By the Act of July 27, 1866 (chapter 288, 14 St. 306), a defendant of a different state from that of the plaintiff was enabled to remove a separable controversy between them, leaving the plaintiff, if he so desired, to proceed in the state court against the other defendant or defendants on the other issues. But later came the Act of March 3, 1875 ( chapter 137, 18 St. pt. 3, p. 470), the language of which was repeated in the present section 28 of the Judicial Code, and with minor changes is now the law. See 36 St. 1094 (28 USCA 71). It provides that-
In Barney v. Latham, 103 U.S. 205, 211 , 26 S. L. Ed 514, this court held that, in distinction from the removal provided in the act of 1866, the act of 1875 removed the whole case to the federal court for judgment. This conclusion was confirmed in Brooks v. Clark, 119 U.S. 502, 512 , 7 S. Ct. 301, and in Torrence v. Shedd, 144 U.S. 527, 530 , 12 S. Ct. 726. The rule established by these cases has never been varied or questioned.
It was the duty, therefore, of the Circuit Court of Appeals to consider the other issue in this case, which it erroneously remanded to the lower court to be dismissed. We must then reverse the judgment and send the cause [277 U.S. 54, 61] back to the Circuit Court of Appeals for further proceedings.
It may be suggested that we might consider the correctness of the judgment against the city in favor of the Brown-Crummer Company on the city warrants and decide that.
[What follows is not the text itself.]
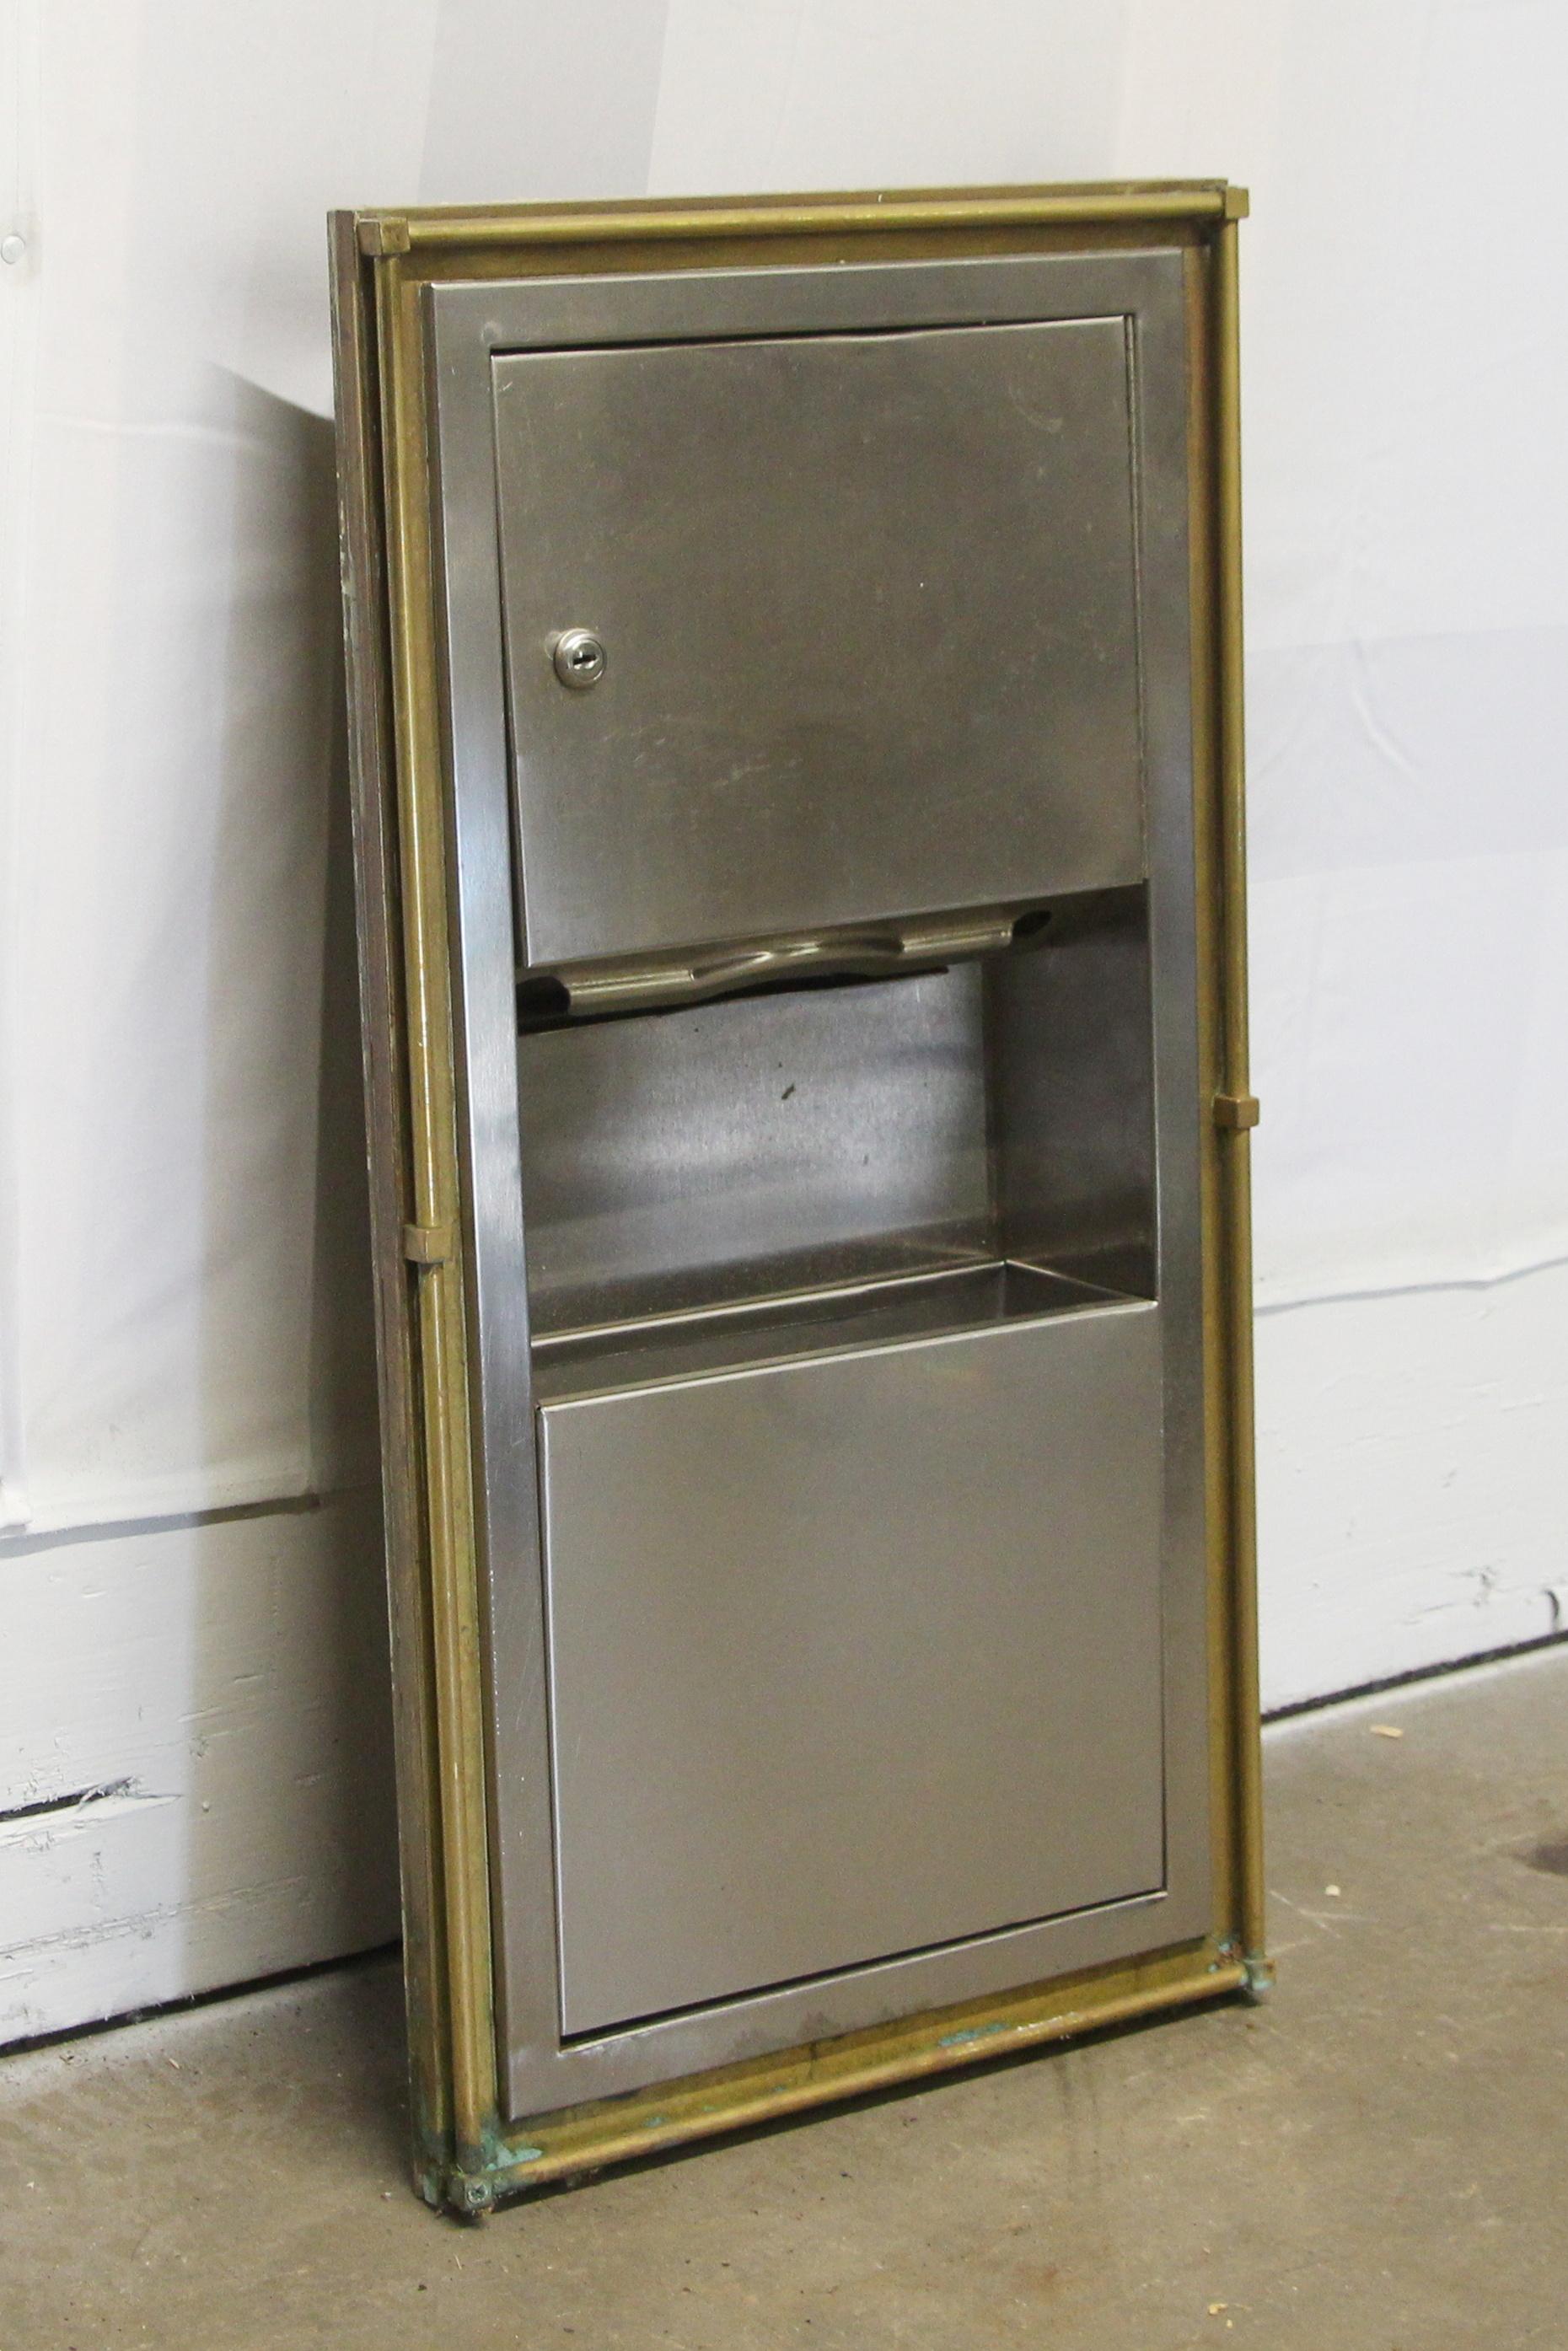 Reclaimed metal Waldorf Astoria paper towel holder and trash bin with original brass details. This was removed from the most recent renovation at the Waldorf. Purchase includes authenticity card. This can be seen at our 400 Gilligan St location in

We have been advised by counsel that a case involving the validity of such warrants under the state law is now pending in the Texas Supreme Court, and that the Circuit Court of Appeals should have the benefit of that decision before passing on the question.
Without intimating that the decision of the Texas court on the question of city warrants will be controlling under the circumstances of this case, we deem it better to remand the whole case to the Circuit Court of Appeals for further proceedings and complete disposition.